Los set-top boxes de Popcorn no integrarán el acceso a los vídeos de Youtube, y como ellos, serán muchos los dispositivos que aspiran a articular la convergencia televisión-internet que se quedarán sin el servicio para compartir vídeos de Google. Lo denunciaba el COO de Syabas – la empresa que hace los Popcorn – y entran en detalles en este artículo de Wired: Youtube exige inversión publicitaria multi millonaria a cambio de que fabricantes puedan integrar su plataforma vía API.

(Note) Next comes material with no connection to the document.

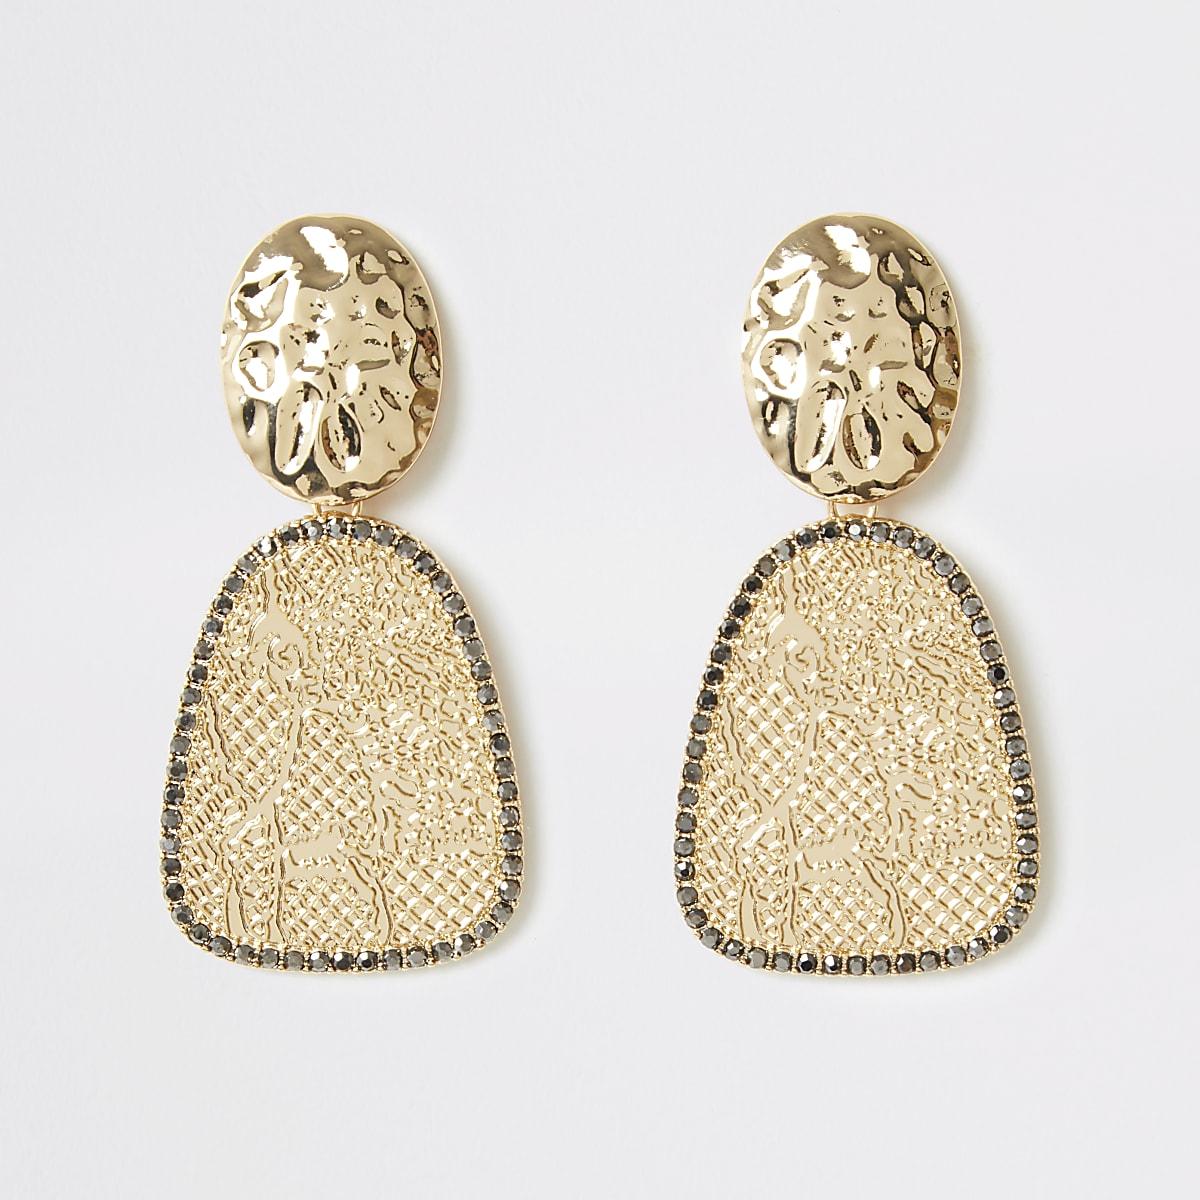 Gold color snake drop earrings

Por aquí hemos comentado más de una vez los riesgos que implican la «economía de las APIs» (véase Servicios como una plataforma o tu aplicación sobre APIs de terceros y Los problemas de negocios sobre APIs de terceros, el caso Twitter), que este caso ejemplifica a la perfección. Mientras Youtube necesitaba crecimiento en tráfico, para ellos era una ventaja ofrecer un API sin límites de uso y gratuita; una vez que el tráfico y la marca ya está construida, el objetivo es maximizar ingresos y un mercado importante son los terceros que han construido su servicio sobre el tuyo. A esa lógica sumas que Google se reservaba el derecho a cambiar los términos de servicio del API de Youtube, y tienes la situación actual: en hardware integrarán los grandes fabricantes capaces de invertir x millones de dólares al año en publicidad. Queda ver qué pasará con los que basen en soluciones XBMC y similares, como es el caso de Boxee.